Allow me some random thoughts.  (Aren't they always random, anyway? :-)

When I saw some of the suggestions on this list for "generating" elements of
a cartesian product, despite sometimes elegant, I thought "Too much done,
too soon.".  But the truth is that I did not give the thing a serious try,
I'm not sure I would be able to offer anything better.

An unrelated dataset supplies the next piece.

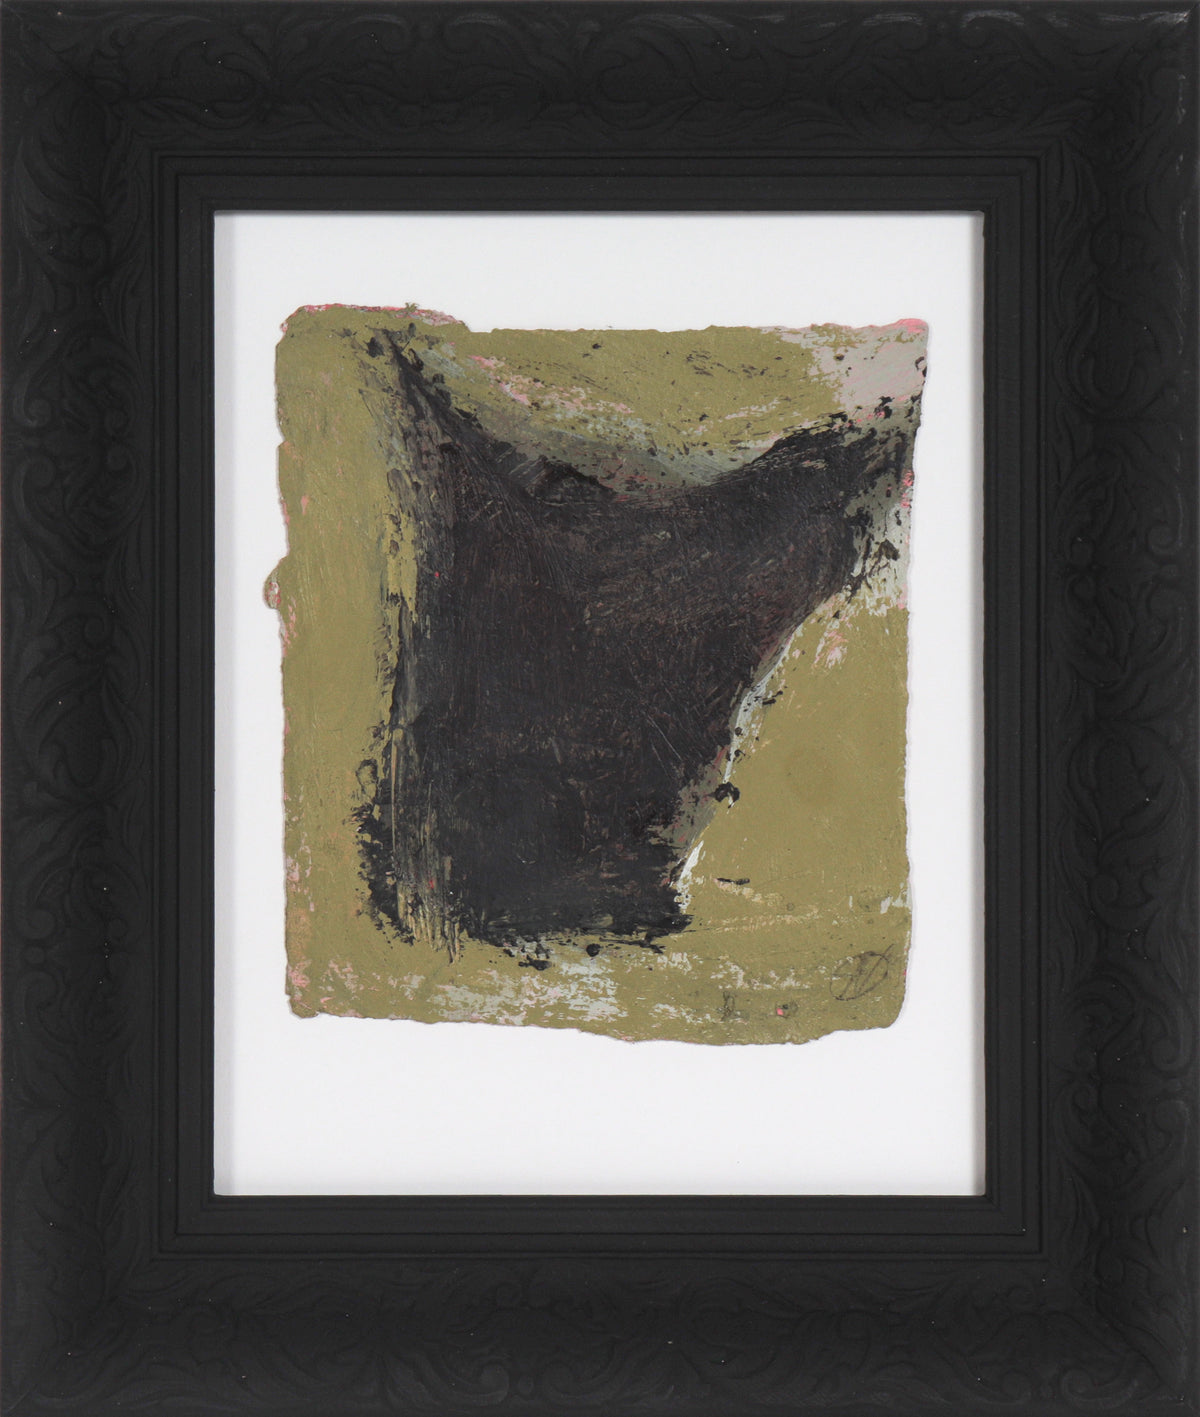 Green &amp; Black Gestural Abstract I&lt;br&gt;20th century Oil on Paper&lt;br&gt;&lt;br&gt;#C5368

One nice thing, with a dict or a set, is that we can quickly access how many
entries there are in there.  Is there some internal way to efficiently fetch
the N'th element, from the order in which the keys would be naturally listed?
If not, one could always pay some extra temporary memory to build a list
of these keys first.  If you have to "generate" a cartesian product for
N sets, you could set up a compound counter as a list of N indices, the
K'th meant to run from 0 up to the cardinality C[K] of the K'th set, and
devise simple recipes to yield the element of the product represented by
the counter, and to bump it.  Moreover, it would be trivial to equip this
generator with a `__len__' function able to predict the cardinality CCC of
the whole result, and quite easy being able to transform any KKK between
0 and NNN into an equivalent compound counter, and from there, access any
member of the cartesian product at constant speed, without generating it all.

All the above is pretty simple, and meant to introduce a few suggestions
that might solve once and for all, if we could do it well enough, a
re-occurring request on the Python list about how to produce permutations
and al.  We might try to rewrite the recipes behind a "generating" cartesian
product of many sets, illustrated above, into a similar generating function
able to produce all permutations of a single set.  So let's say:

   Set([1, 2, 3]).permutations()

would lazily produce the equivalent of:

   Set([(1, 2, 3), (1, 3, 2), (2, 1, 3), (2, 3, 1), (3, 1, 2), (3, 2, 1)])

That generator could offer a `__len__' function predicting the cardinality
CCC of the result, and some trickery could be used to map integers from 0 to
CCC into various permutations.  Once on the road, it would be worth offering
combinations and arrangements just as well, and maybe also offering the
"power" set, I mean here the set of all subsets of a given set, all with
predictable cardinality and constant speed access to any member by index.

Yet, many questions or objections may rise.  Using tuples to represent
each element of a cartesian product of many sets is pretty natural, but
it is slightly less clear that a tuple is the best fit for representing
an ordered set as in permutations and arrangements, as tuples may allow
elements to be repeated, while an ordered set does not.  I think that sets
are to be preferred over tuples for returning combinations or subsets.

While it is natural to speak and think of subsets of a set, or permutations,
arrangements and combinations of a set, some people might prefer to stay
closer to an underlying implementations with lists (sublists of a list,
permutations, arrangements or combinations of a list), and would feel that
going through sets is an unwelcome detour for their applications.  Indeed,
what's the real use and justficiation for hashing keys and such things,
when one wants nothing else than arrangements from a list?

Another aspect worth some thinking is that permutations, in particular, are
mathematical objects in themselves: we can notably multiply permutations or
take the inverse of a permutation.  Arrangements are in fact permutations
over combinations elements.  Some thought is surely needed for properly
reflecting mathematical elegance into how the set API is extended for the
above, and not merely burying that elegance under practical concerns.

Some people may think that these are all problems which are orthogonal
to the design of a basic set feature, and which should be addressed in
separate Python modules.  On the other hand, I think that a better and
nicer integration might result if all these things were thought together,
and thought sooner than later.  Moreover, my intuition tells me that with
some care and luck (both are needed), these extra set features could be
small enough additions to the `sets' module to not be worth another one.
Besides, if appropriate, such facilities would surely add a lot of zest and
punch into the interest raised by the `sets' module when it gets published.

François Pinard   http://www.iro.umontreal.ca/~pinard